In 2005, ‘Redbreast 15’ was released. Originally for the 50th Anniversary celebrations of their French distributor, ‘La Maison du Whiskey’, this non chillfiltered whiskey was an immediate hit and was named by Jim Murray as the Whisky Bible’s ‘Irish Whiskey of the Year’.

2012 and another Redbreast hit the shelves, ‘Redbreast 12 Cask Strength’. It is bottled direct from the cask with no water added. This means that even though the Redbreast DNA is evident in each bottle, as each cask will differ ever so slightly in terms of alcohol strength, each release is marginally different.
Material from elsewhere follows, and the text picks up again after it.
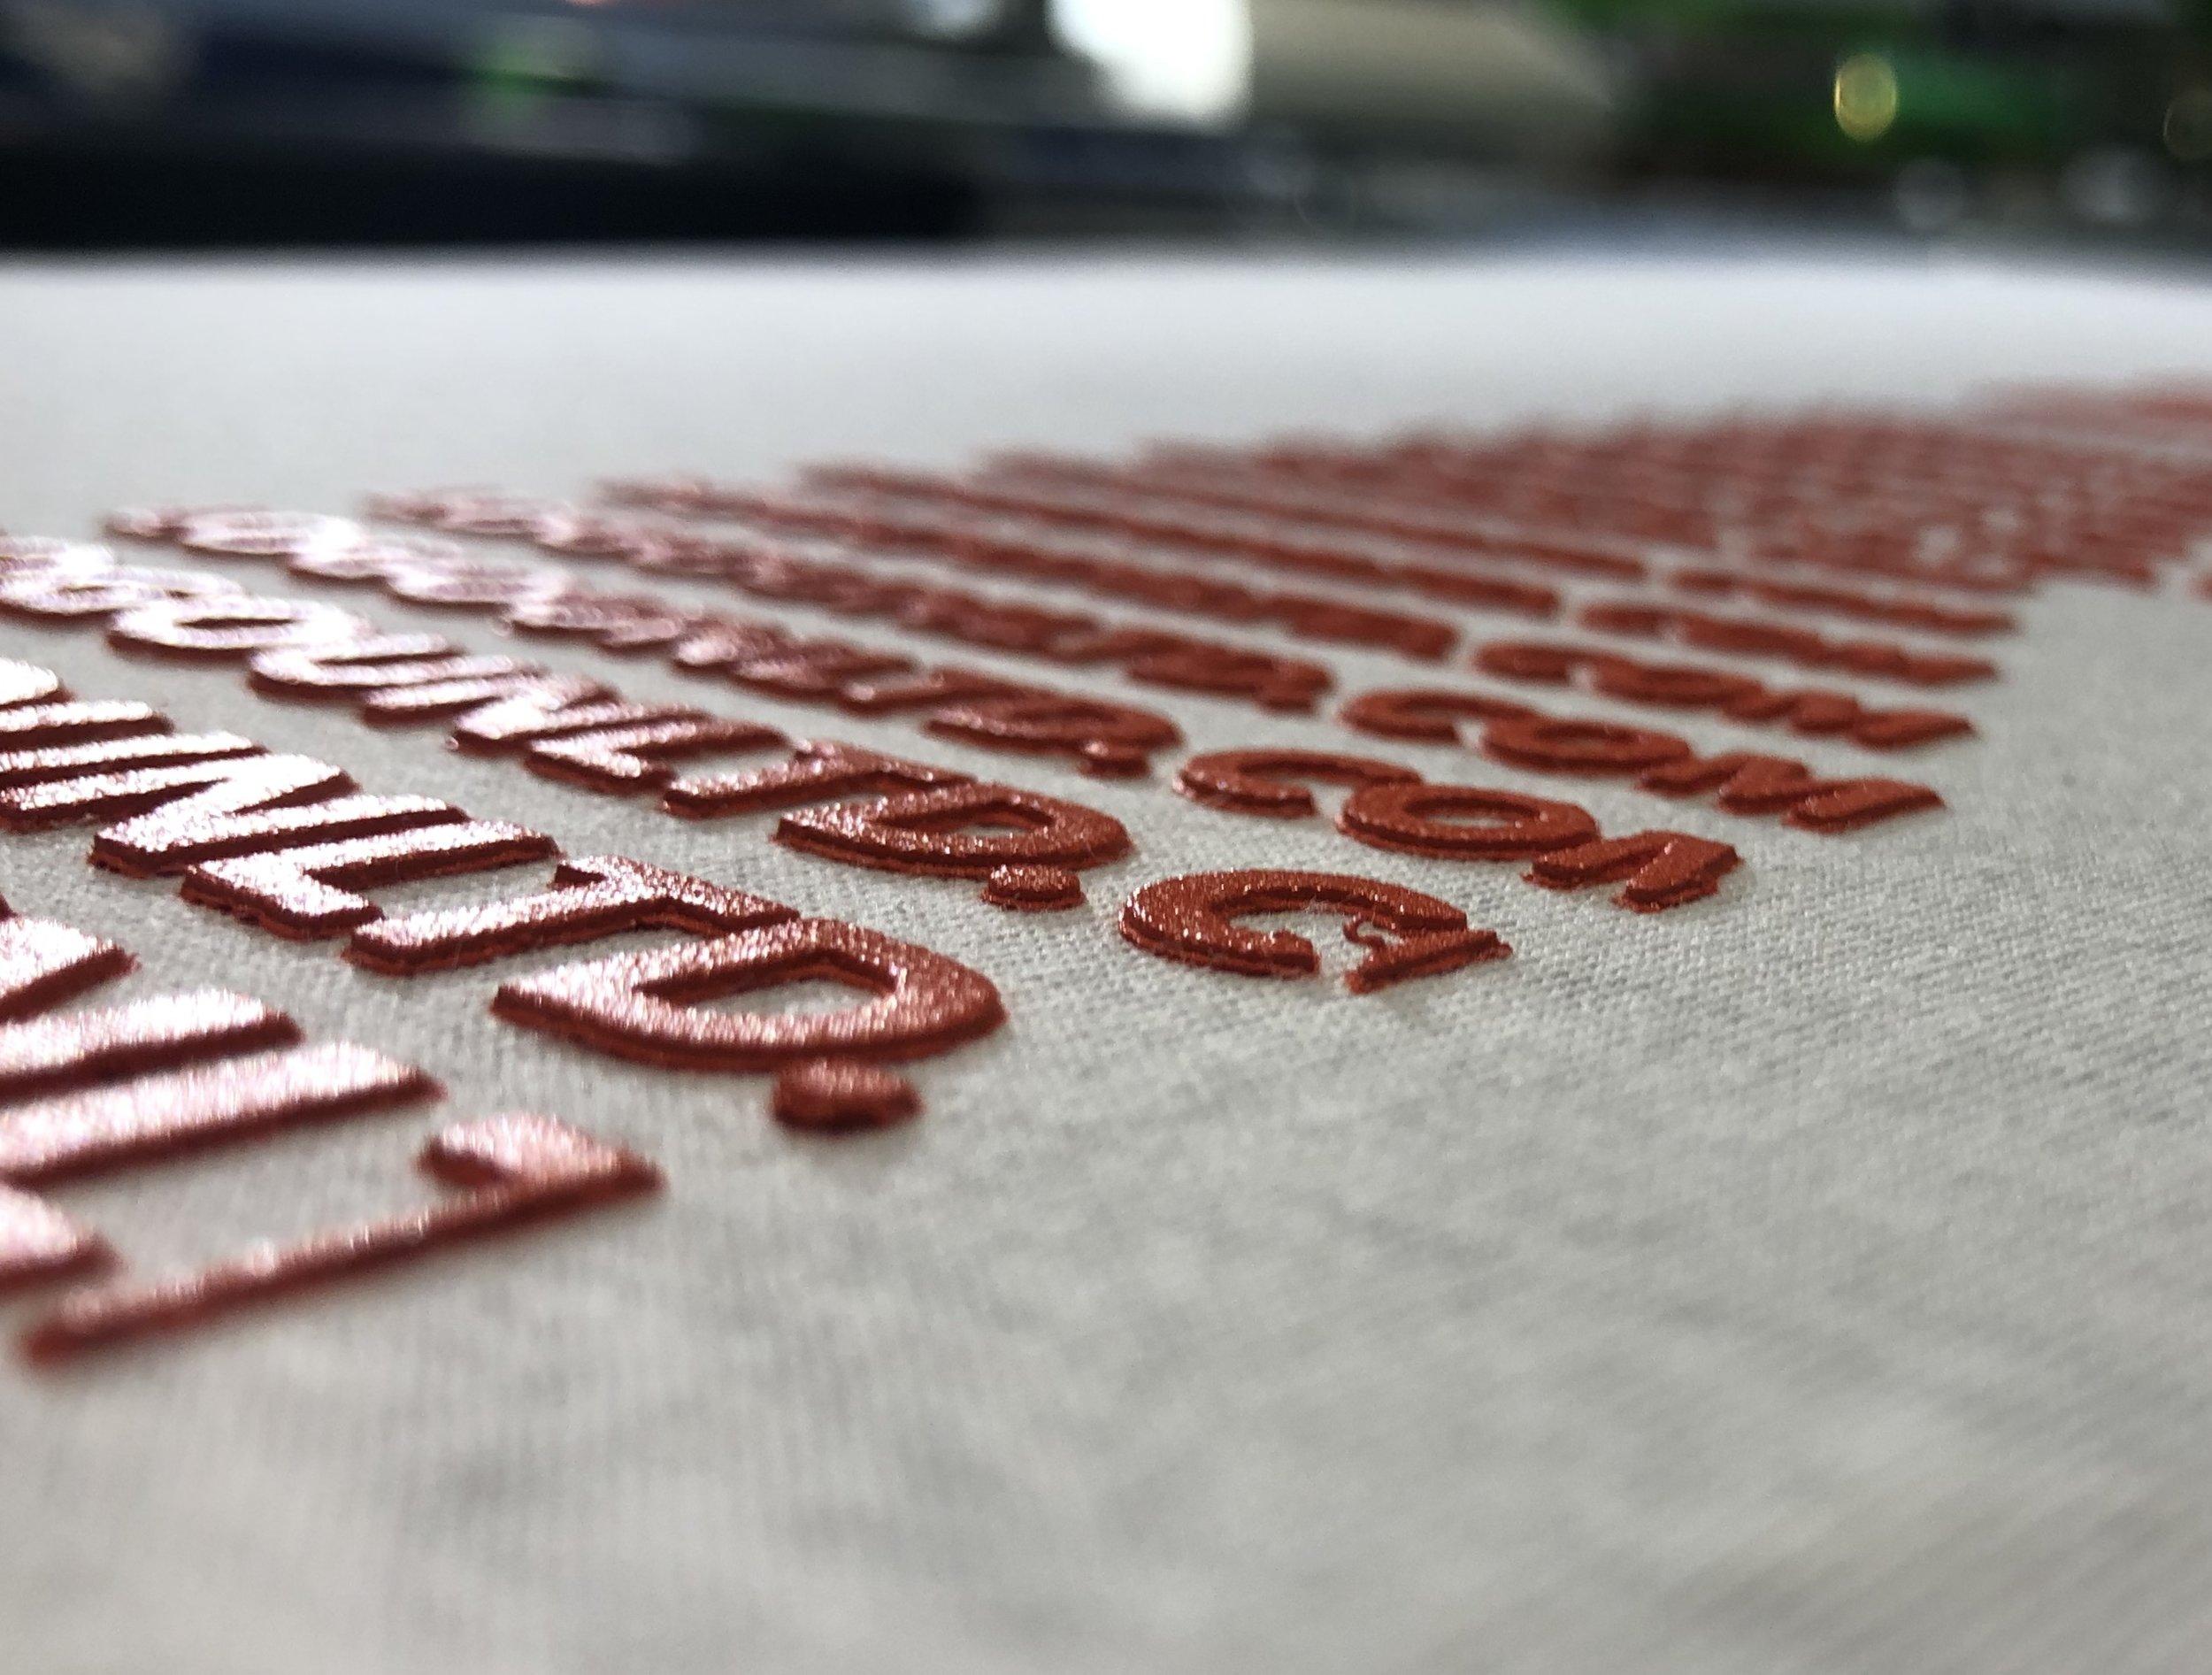 logounltd_laser_etching_embroidery_screen_printing_apparel_uniform_custom_tshirts_kirkland_bellevue_seattle_redmond_woodinville_branded_merchandise_promotional_products_logo_unltd_specialty_inks_HD_gel_raised (5).jpg

The following year, 2013, saw the launch of the oldest whiskey in the Redbreast range, ‘Redbreast 21’. Named ‘21’, it actually contains whiskeys up to 25 years of age. Redbreast master blender, Billy Leighton, sees the style as the epitome of the Redbreast sherry style and it is their flagship.

A limited release in 2015 of just 2,000 bottles, the Redbreast ‘Mano a Lamh’ is the only one of their whiskeys to be matured exclusively in sherry butts. It is now seen as very much a collectors’ item. But they continued the theme in 2016 with the ‘Redbreast Lustau Sherry Finish’ edition. This bottling is initially matured in a mix of both bourbon and sherry casks for a period of nine to twelve years and then sees a final year in selected oloroso sherry butts from Bodega Lustau in Jerez, Spain. It has become a permanent addition to the Redbreast range.

No doubt, lovers of Irish whiskey are anticipating more exciting and innovative releases in the years to come.

In 2013, an Irish Whiskey Academy was opened in the grounds of the distillery. It offers a range of Irish whiskey appreciation courses, over one to three days, and also training for aficionados, journalists and members of the trade. The distillery also houses the official historical archives for the Irish Distillers.